Assessing cases for SARS in the Netherlands
Abstract number: 10.1111/j.1198-743X.2004.902_o194.x
To evaluate the assessment of cases presented under suspicion of SARS and to estimate the impact of various case definitions.
Descriptive study of the cases submitted between 17 March and 7 July. A two sources capture-recapture method was used. The first source consisted of cases reported by clinicians and general practitioners to community health services. Public health physicians submitted the cases for further assessment to the National Co-ordination Centre for Communicable Diseases (LCI). The other source consisted of the data base from the Reference Laboratory for SARS (Virology Dept, Erasmus MC) where clinical specimens were received. The first assessment by clinician/public health physician was compared with the assessment on the basis of the ruling case definition at that moment and with a retrospective reassessment using the latest Dutch case definition (i.e. WHO-case definition, 1 May 2003).
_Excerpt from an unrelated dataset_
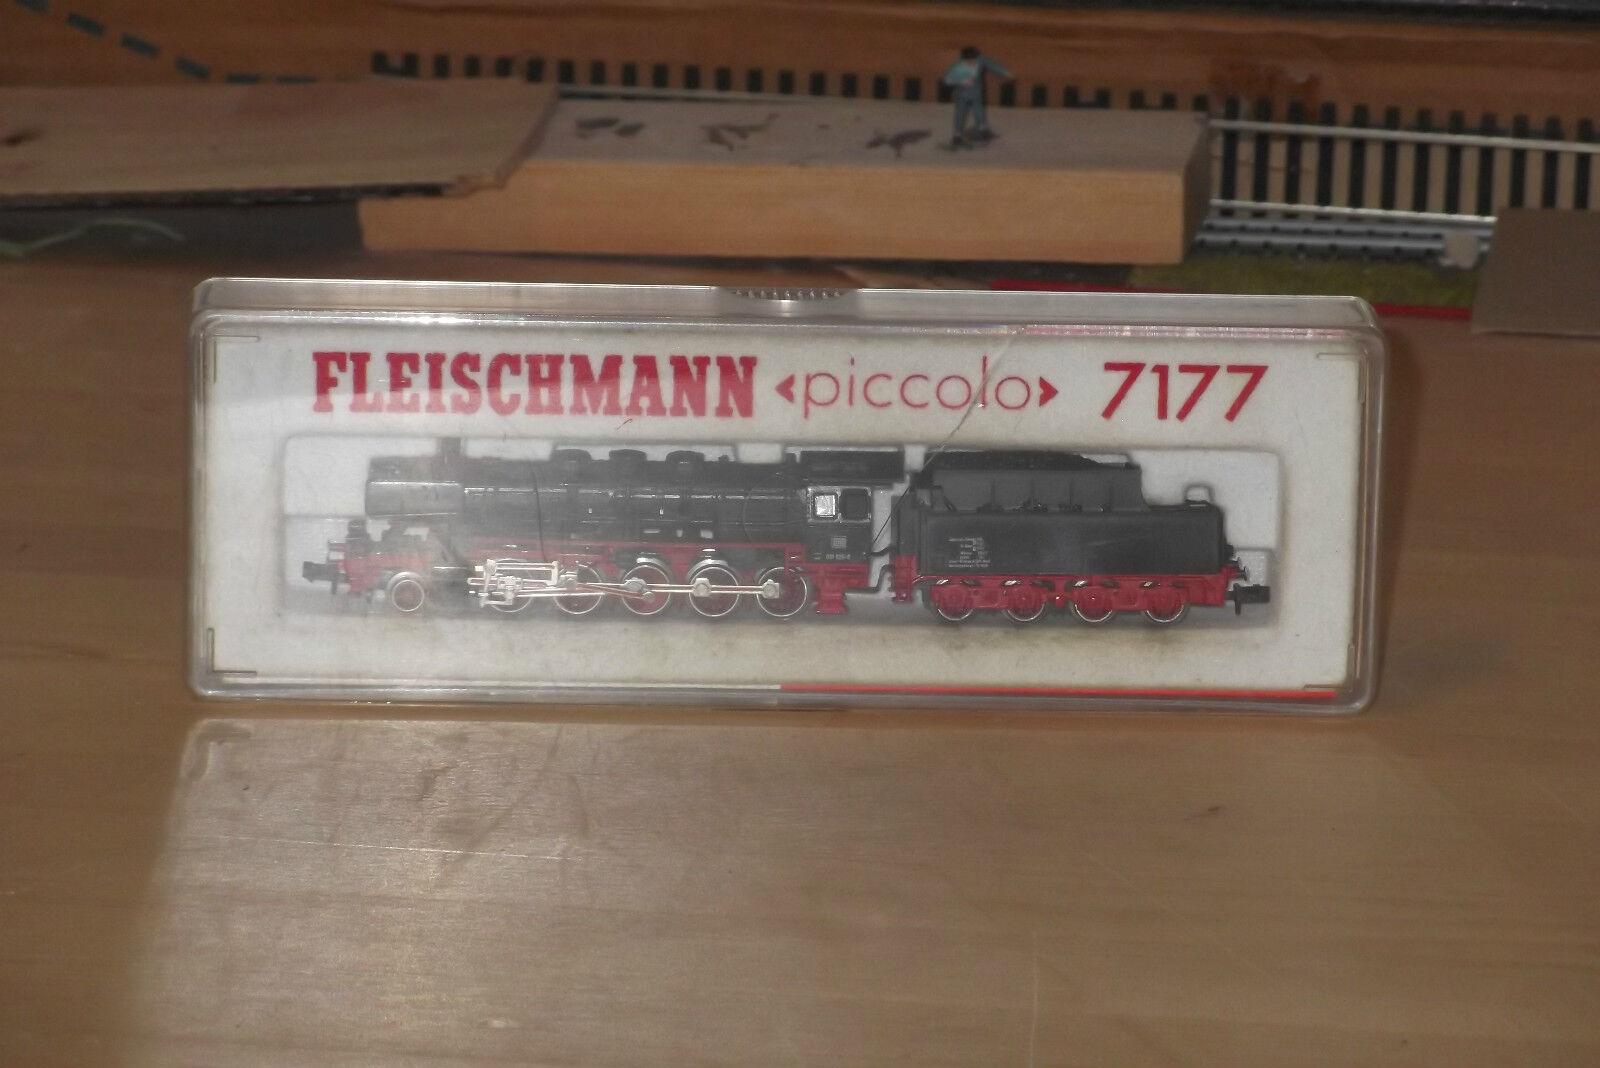 FLEISCHMANN piccolo 7177   2-10-0 2-10-0 2-10-0 Heavy Loco d0ff53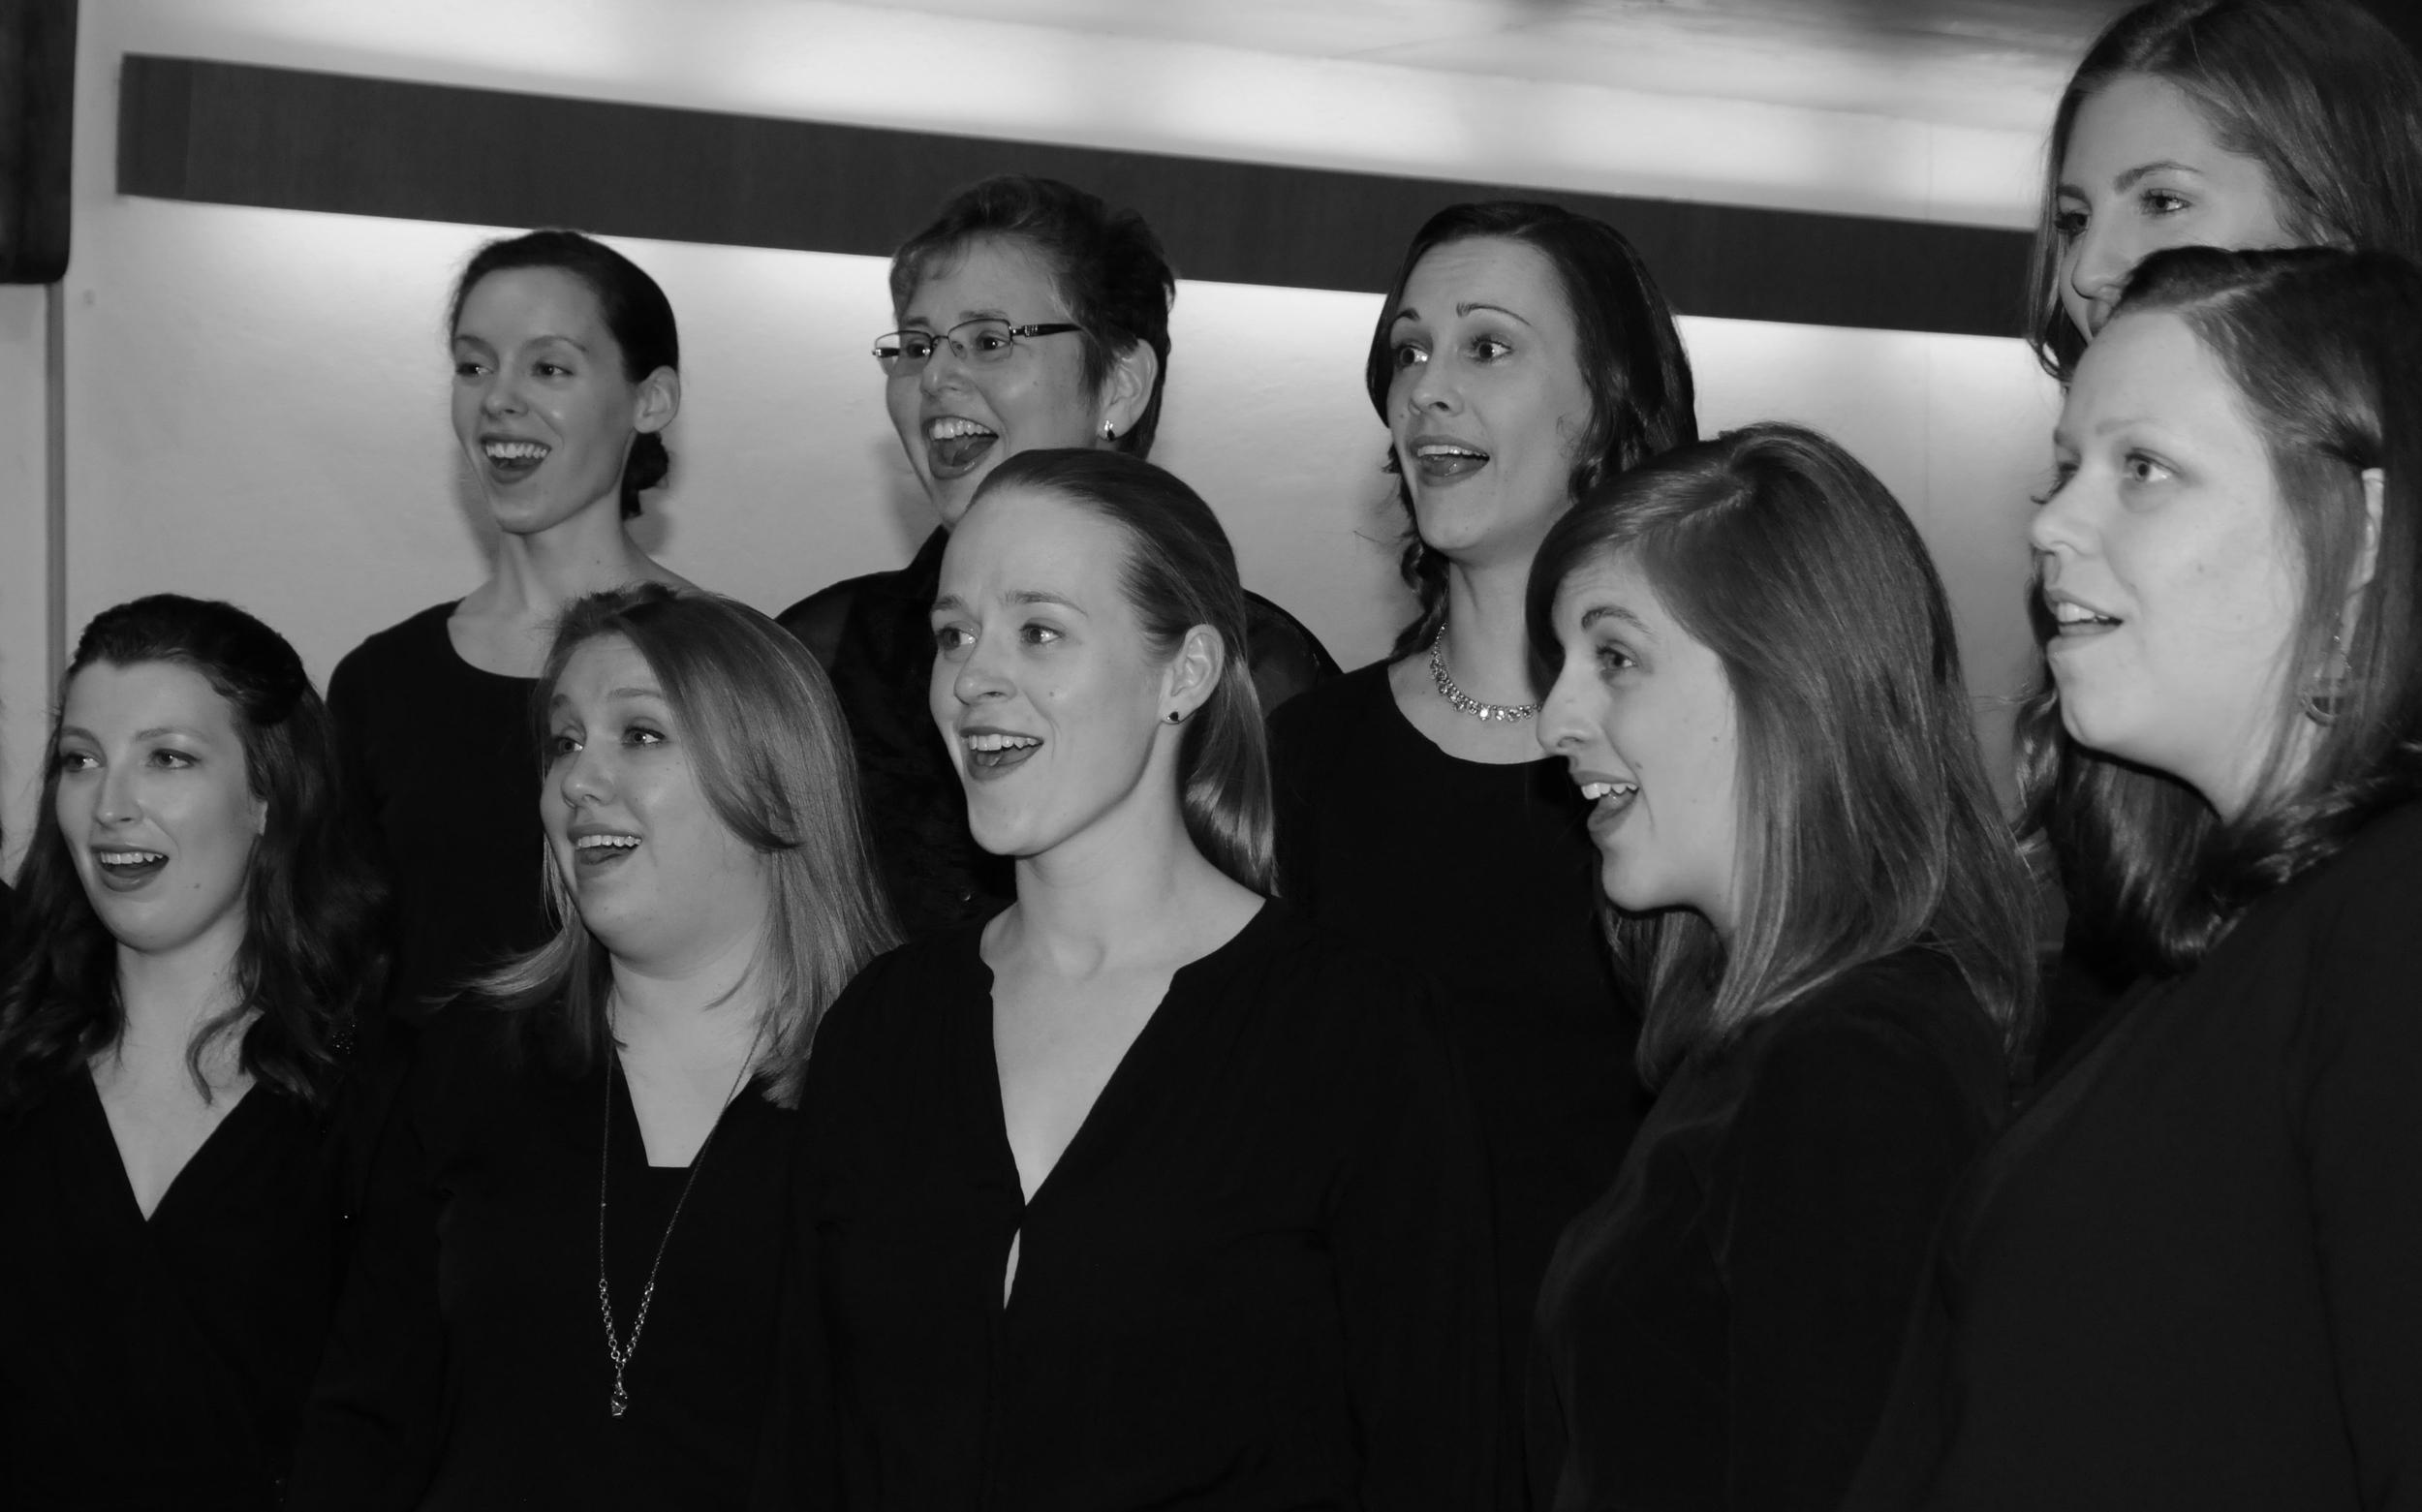 cantala-womens-choir-zimfira-poloz-blog

In the Netherlands five case-definitions were issued, reflecting the dilemmas with respect to specificity versus sensitivity within risk assessment. Seventy-two patients were submitted for SARS assessment of which 51 to the LCI, 37 to the reference laboratory; 16 patients were identified in both data bases. The three major criteria for SARS (respiratory disease, fever > 38°C and travel related risk) were met in 25 cases (34%). Using the most sensitive case definition (i.e. WHO; revised 1 May 2003) 21 cases would have required reporting for SARS-assessment as suspect cases and two patients as probable cases. Using the more specific case definitions, only nine cases would have met the criteria for reporting and SARS assessment, whereas, despite the case definitions, 52 cases were presented as serious suspect by clinician or public health physician. Risk ratios for being a suspect case were calculated comparing the presentation by the physician versus the first assessment and the reassessment. The reference laboratory performed serological testing for antibodies against SARS-CoV, as well as virus culture and PCR. None of the patients tested positive for the SARS-CoV.
Even when using case definitions with a high specificity over-reporting of cases takes place. Over-reporting of cases should be taken into account when estimating and planning epidemic control resources. The non-cases would require a thorough assessment and case management as well. A centralised assessment centre is recommended."